An exact copy of the listing below is needed, with no pictures in it.

Information provided:
= = = = = = =

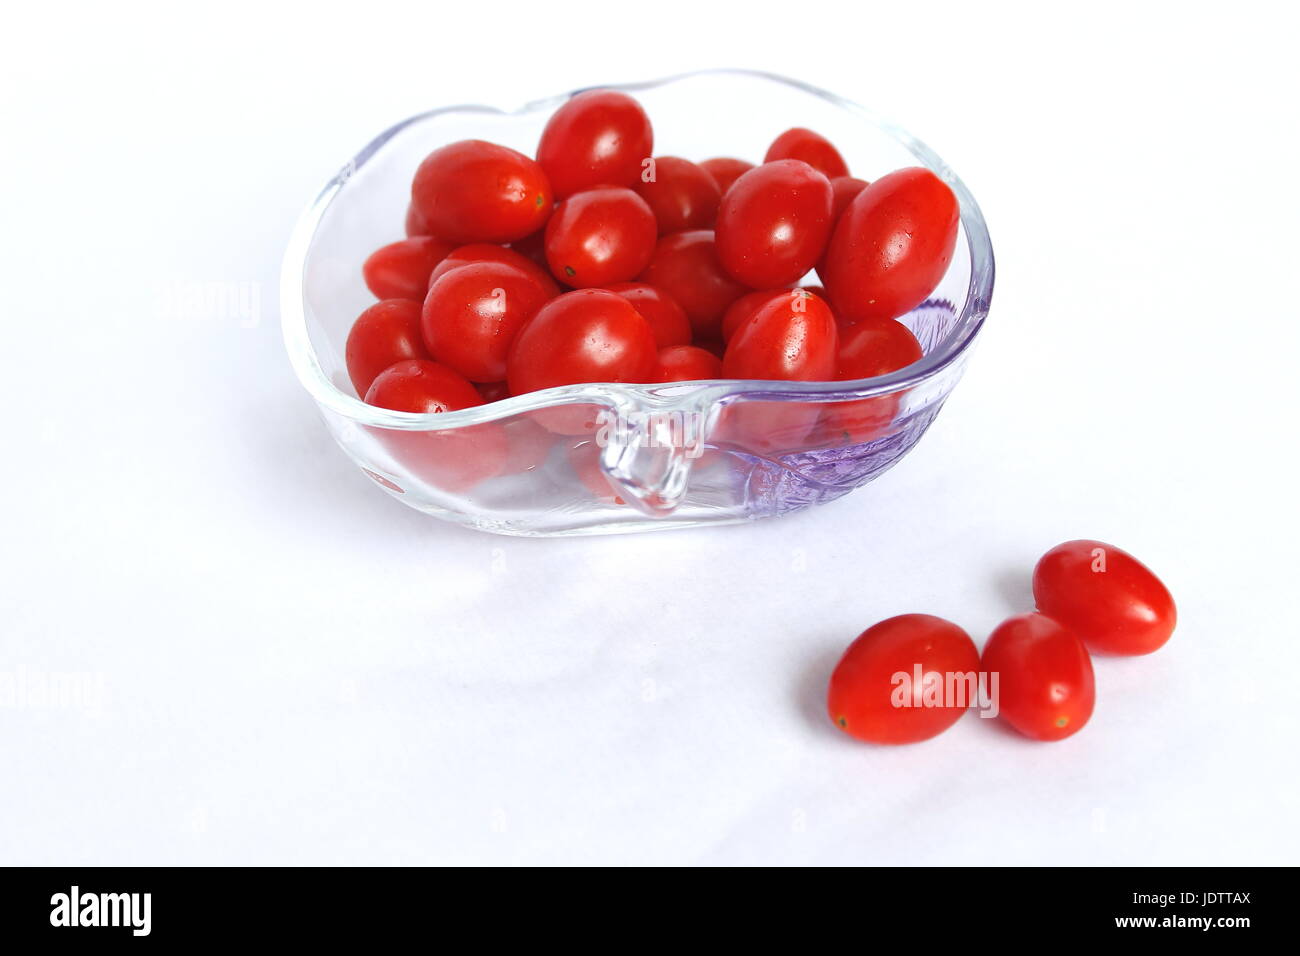 Small cherry tomatoes long red and fresh in a cup Stock Photo
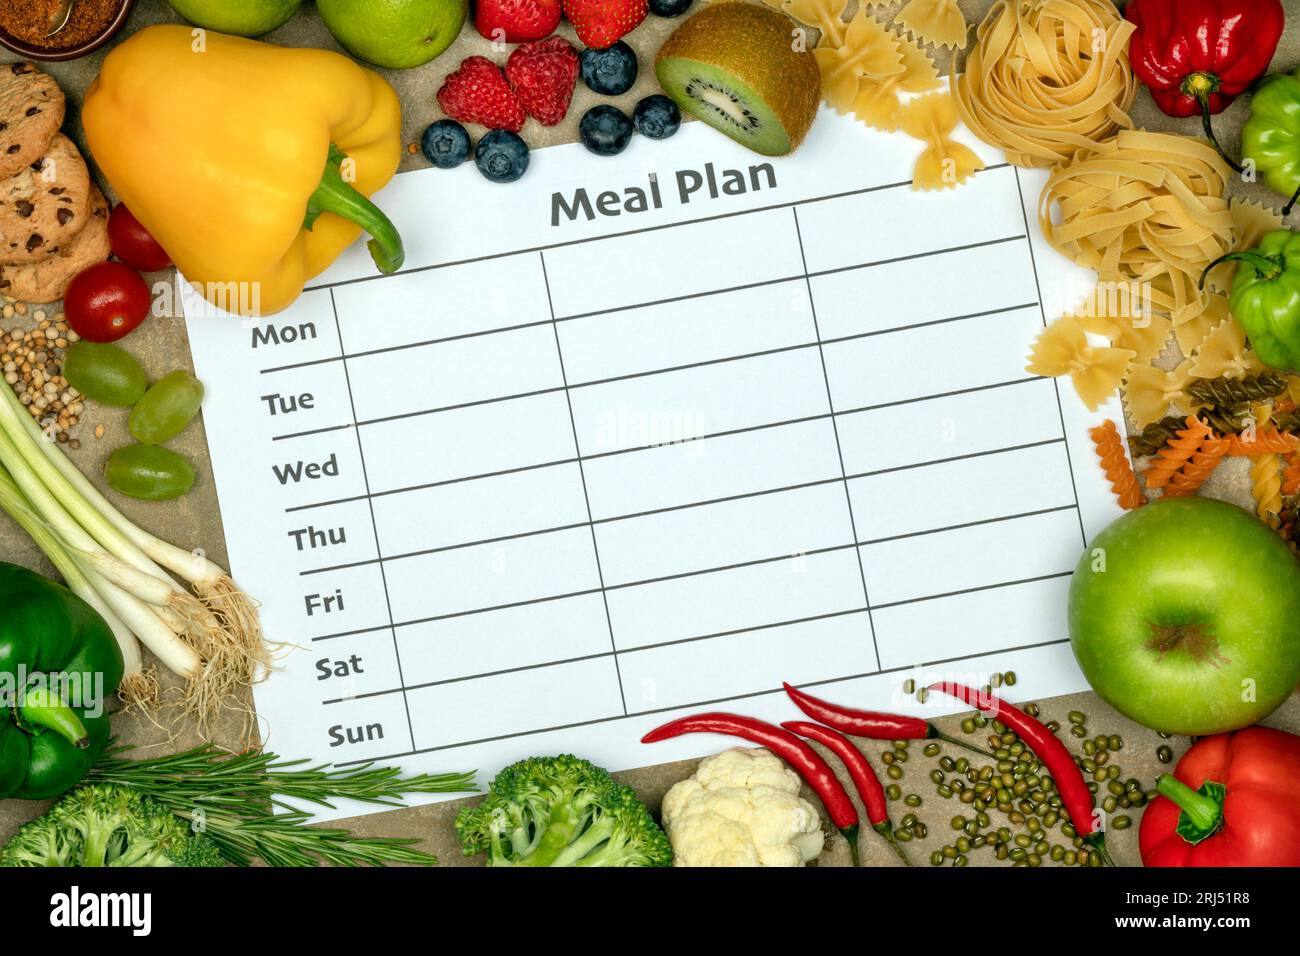 Menu for the week - Meal Plan with a border of food Stock Photo
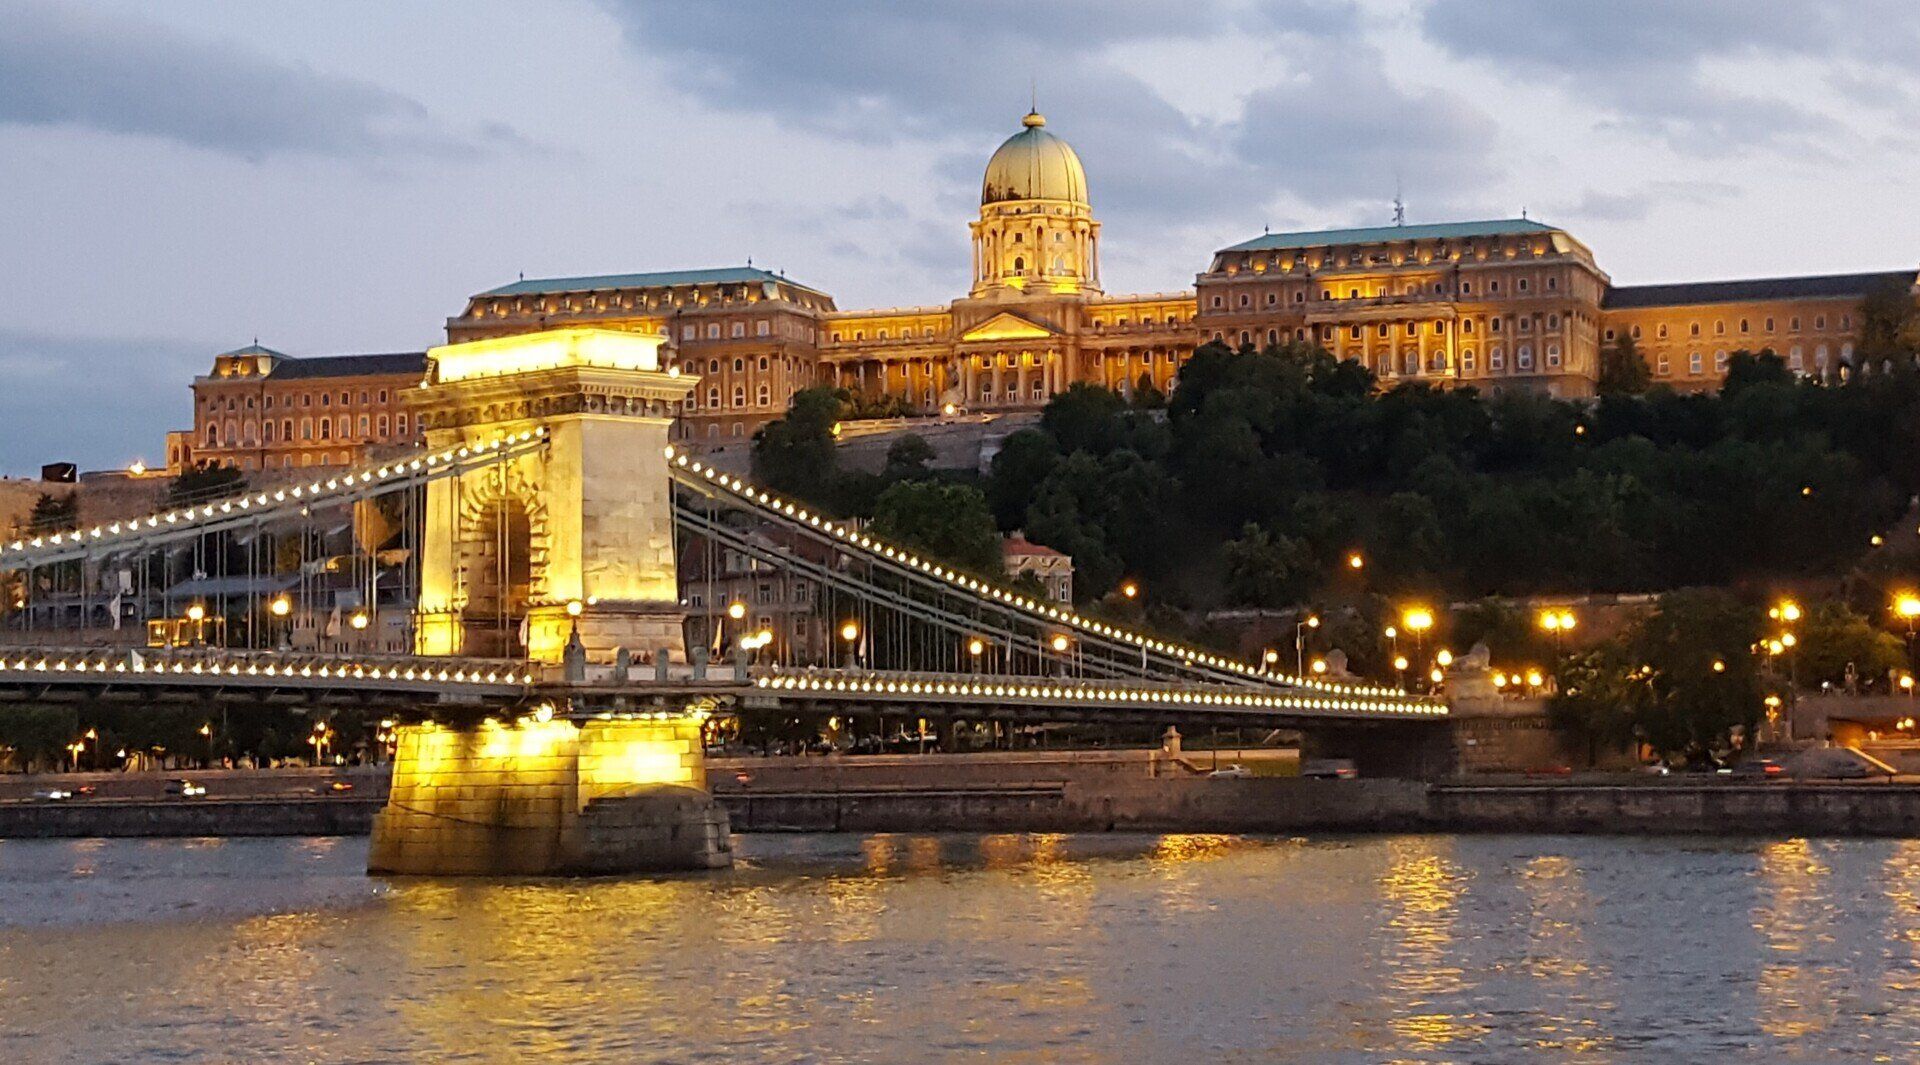 Danube River Cruise Budapest, Hungary set sail lights castle Parliament House churches

= = = = = = =

Answer section:
 Small cherry tomatoes long red and fresh in a cup Stock Photo
 Menu for the week - Meal Plan with a border of food Stock Photo
 Danube River Cruise Budapest, Hungary set sail lights castle Parliament House churches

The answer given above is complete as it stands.